New knowledge about the genetic architecture underlying febrile seizures in young children

An international team of scientists under the leadership of senior researcher Bjarke Feenstra from the Danish Statens Serum Institut (SSI) has taken a serious first step towards mapping the genetic background of febrile seizures in young children.

This is the world’s biggest scientific study of febrile seizures to date. Febrile seizures affect around 4% of young children – typically between the ages of six months and five years.

The study was recently published in the scientific journal Brain.

The project is based on extensive analyses of the DNA profiles of more than 90,000 individuals, and the mapping work and analyses were mainly carried out by researchers from Denmark and Australia.

The data on febrile seizures collected from these individuals come primarily from the Danish National Patient Registry.

‘Every single sample was tested for the seven million genetic variants that may be relevant to febrile seizures in young children. The analyses have given us new knowledge about the genetic architecture underlying febrile seizures. What’s more, we gained new knowledge about genetic factors that seem to affect both febrile seizures and epilepsy,’ says Bjarke Feenstra, whose research is funded by a Lundbeck Foundation Ascending Investigators grant.

A parent’s nightmare

Any parent who has seen their young child have a febrile seizure will tell you it is something they will never forget – these seizures are quite alarming to observe.

The preliminary stage is almost banal: the child is in bed with a common fever, probably fairly lethargic and with a relatively high temperature but otherwise with apparently no specific symptoms.

However, as many parents know, things can change dramatically in the space of no time.

The child’s body goes stiff – rigid and almost locked. Breathing becomes heavy, the skin becomes pale or even bluish, the head lolls backwards and the arms and legs twitch. And it can be difficult to communicate with the child.

Swift action is essential, and the child must be taken to hospital for further examination without delay! Although it may look dramatic and extremely serious while the seizure is ongoing, in the great majority of cases, the story ends happily – and the child makes a full recovery.

There are many unanswered questions when it comes to febrile seizures in young children, one of the obvious ones being: why do around 4% of children in Denmark and a great many other countries suffer from febrile seizures, while 96% remain unaffected?

And why do around 7% of the affected children develop epilepsy in later life?

Genetic links

By studying the many DNA profiles, the research team have so far identified seven loci in human DNA in which genetic variants possibly linked to febrile seizures may occur. Bjarke Feenstra explains:

‘We’d already identified four of these loci, so we’re now up to 11. We can say that – in all probability – they play a part in the development of febrile seizures. But we’re not yet sure how it’s all connected. This is one of the things we’ll now be studying.’

According to Bjarke Feenstra, if we take a closer look at the 11 loci, a picture begins to emerge of a certain genetic link between febrile seizures and epilepsy.

‘We can see that three of the 11 loci also contain well-known epilepsy genes. So febrile seizures and epilepsy seem to have a common genetic denominator – and we’ll also be investigating this in more depth.’

One of the things they will do will be to study the genetics of a large number of adults who suffered from febrile seizures while growing up.

‘Some of these people will have developed epilepsy in later life; others won’t have experienced the disorder at all. The question is whether we can identify genetic differences between the two groups which would help explain why this is the case.’

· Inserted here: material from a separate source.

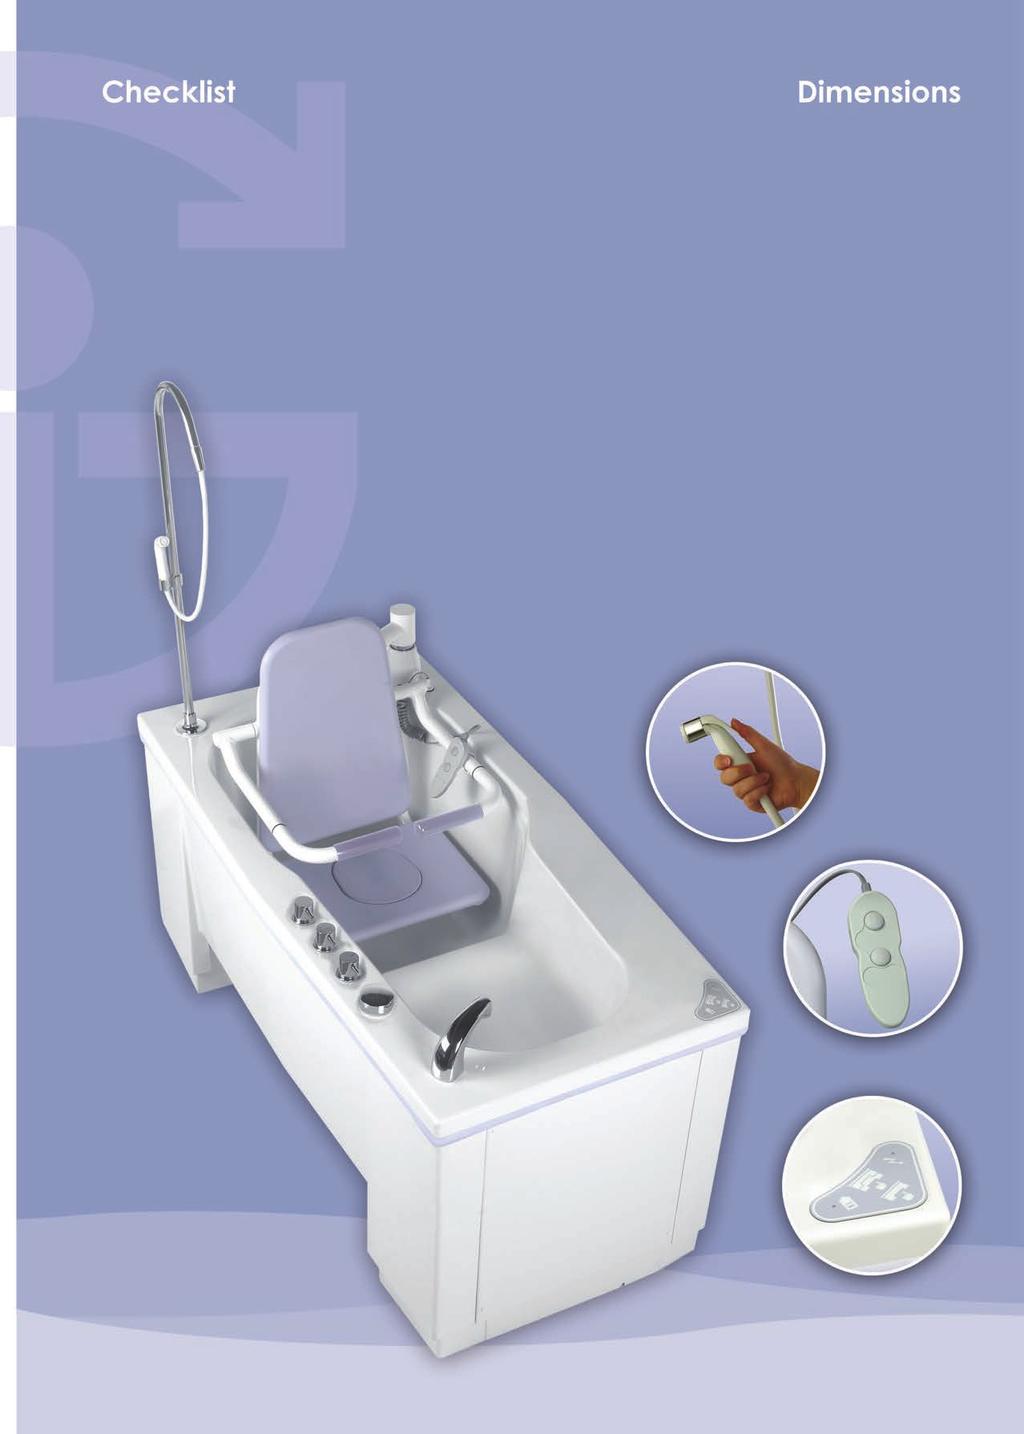 Compact 1600mm in length Detachable transfer seat (optional) TMV3 water temperature controls Soft touch seat with removable aperture Full battery back up Touch controls with diagnostic panel Hot and

The researchers will also be studying a genetic variant which seems to play a role in causing fever in humans and other mammals in general. Bjarke Feenstra explains:

‘This variant is found close to the PTGER3 gene which, in experiments on mice, has proven to be key to the ability to develop a fever. The researchers who conducted the experiment were able to see this when they used genetic engineering to switch off this gene in the mice. When they then exposed them to infection, these mice were unable to develop a fever. We now want to look more closely at PTGER3 to gain a better understanding of the way in which small genetic differences in humans may help control the body’s fever response.’